It upsets the compiler on mine...

Anyway, that isn't the issue. If the value 160 (-96 in signed char)
appeared in a character string, it would compare equal to (char)160. To
reuse your example:

int main()
{
int i = 160;
char c = 160;

if ( c == (char)i )
printf("yes\n");
else
printf("no\n");
}

 

[Keith Thompson]

Irrelevant, if CHAR_MAX=127, you can't have a character value of 160. So
"hex escape \xA0' can never appear in a string.

Incorrect.

Assume CHAR_MAX==127 and UCHAR_MAX==255 (this is very common).

C99 6.4.4.4p9 says:

Constraints

9 The value of an octal or hexadecimal escape sequence shall be in the
range of representable values for the type *unsigned char* for an
integer character constant, or the unsigned type corresponding to
wchar_t for a wide character constant.

(emphasis added)

Note that UCHAR_MAX must be at least 255, so '\xA0' is always legal
(and is always of type int with the value 160).

 

[Ian Collins]

Incorrect.

Assume CHAR_MAX==127 and UCHAR_MAX==255 (this is very common).

Oops, I misinterpreted Phil's post. No i didn't, he said

"The conversion of out-of-range values onto signed char is that of
clipping the value at whichever bound is exceeded.

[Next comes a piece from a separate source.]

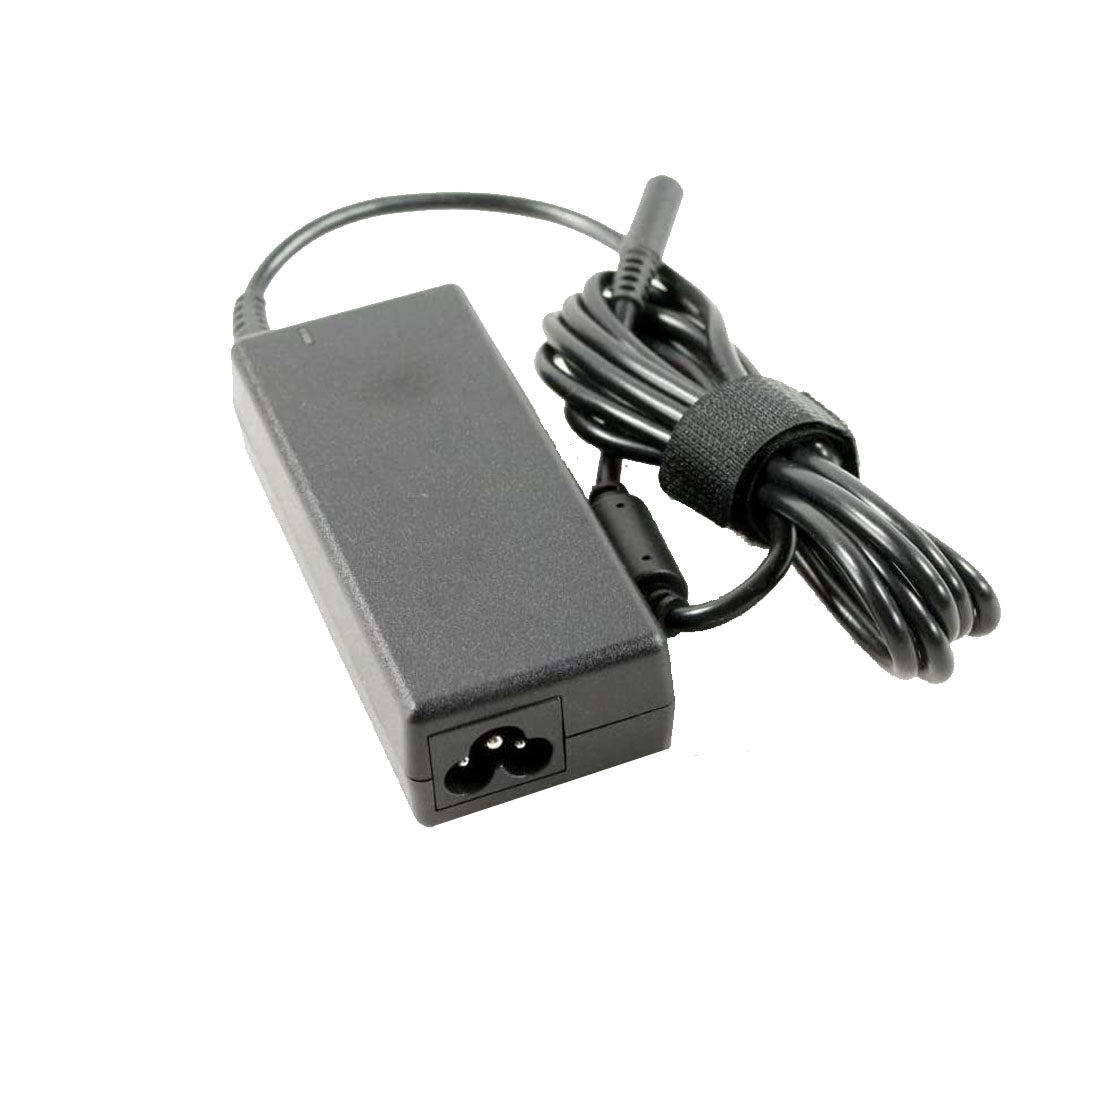 Dell Original 65W 19.5V 4.5mm Pin Laptop Charger Adapter for Inspiron Desktop 3252 With Power Cord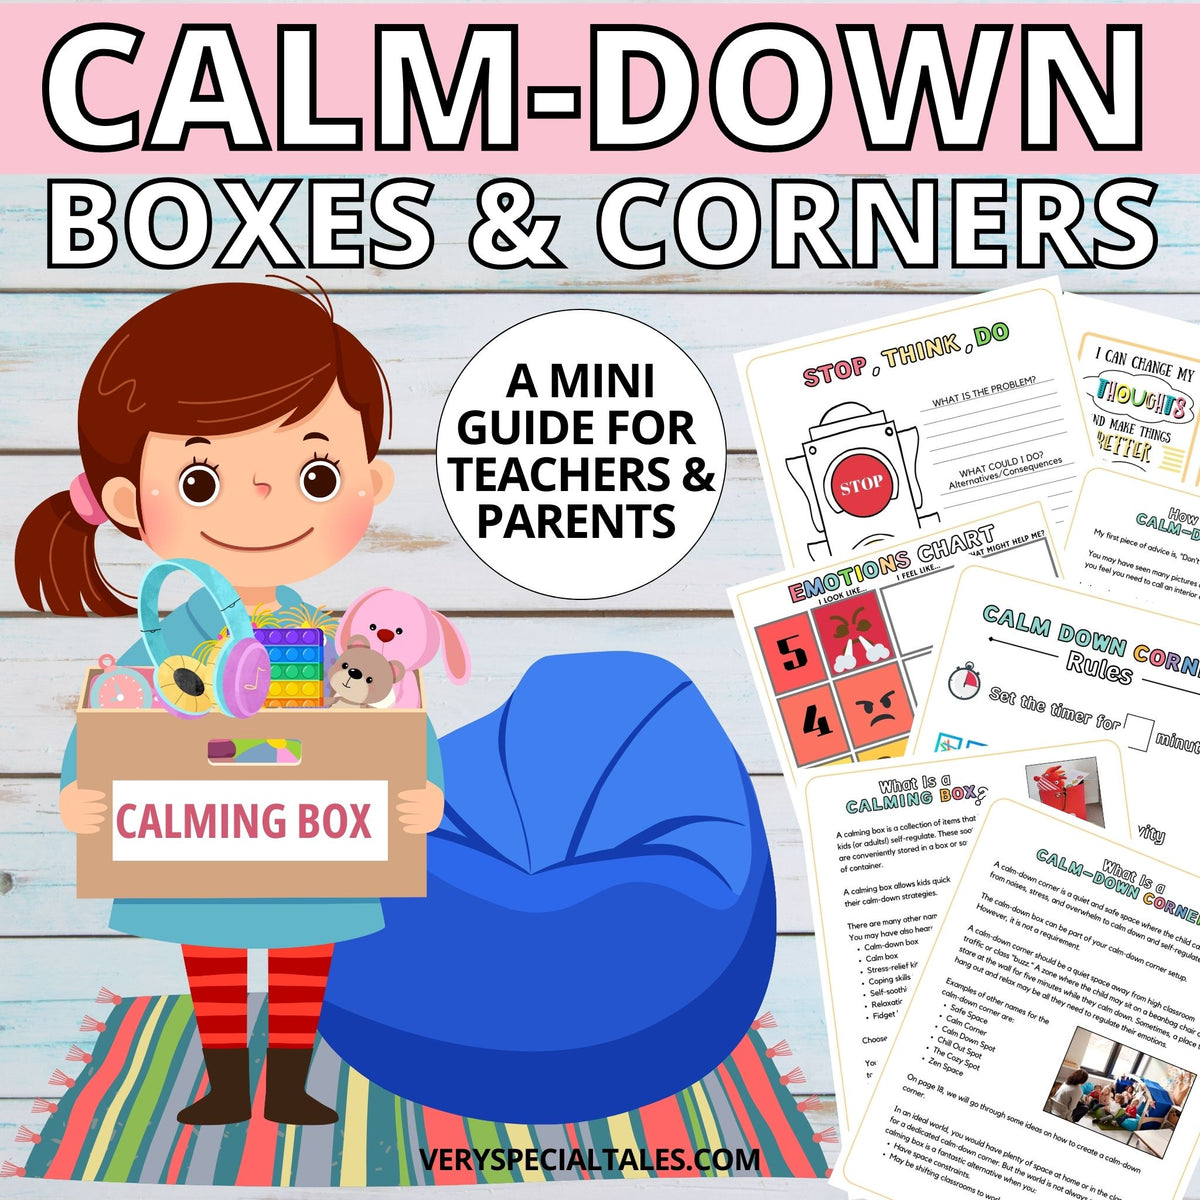 A playful illustration of a child standing in her living room, holding a calming box full of her favourite things. Worksheets from the Calming Box/Calm-Down Corner Easy Guide are displayed next to the illustration.

So int 160 is
converted to 127."

Which isn't what happens in the common case you quoted. My analysis stands.

 

[Seebs]

Irrelevant, if CHAR_MAX=127, you can't have a character value of 160. So
"hex escape \xA0' can never appear in a string.

So how, on this hypothetical system, would you indicate a character with
a negative value?

On many systems with signed char, you can represent -1 as \xff, because
it wraps around in the "expected" way.

-s

 

[Keith Thompson]

Oops, I misinterpreted Phil's post. No i didn't, he said

"The conversion of out-of-range values onto signed char is that of
clipping the value at whichever bound is exceeded. So int 160 is
converted to 127."

Which isn't what happens in the common case you quoted. My analysis stands.

The standard requires the second argument to strchr() to be converted
from int to char (C99 7.21.5.2p2).

If plain char is signed, and the int value is outside the range
CHAR_MIN..CHAR_MAX, the result of the conversion is at best
implementation-defined (C99 6.3.1.3p3); the clipping Phil described
is legal.

The typical output of this program:

#include <stdio.h>
#include <string.h>

int main(void)
{
const char *s = "\xff--\xa0";
const char *result = strchr(s, '\xa0');

if (result == NULL) {
puts("result == NULL");
}
else {
printf("result - s = %d\n", (int)(result - s));
}
return 0;
}

is "result - s = 3", but I think a conforming implementation on which
signed conversion saturates rather than wrapping around could print
"result - s = 0"; since both '\xff' and '\xa0' yield the same value
when converted to char, we get a false positive match. For the
implementation in question, strchr() doesn't do what we expect it to
*because* the implementation conforms to the standard.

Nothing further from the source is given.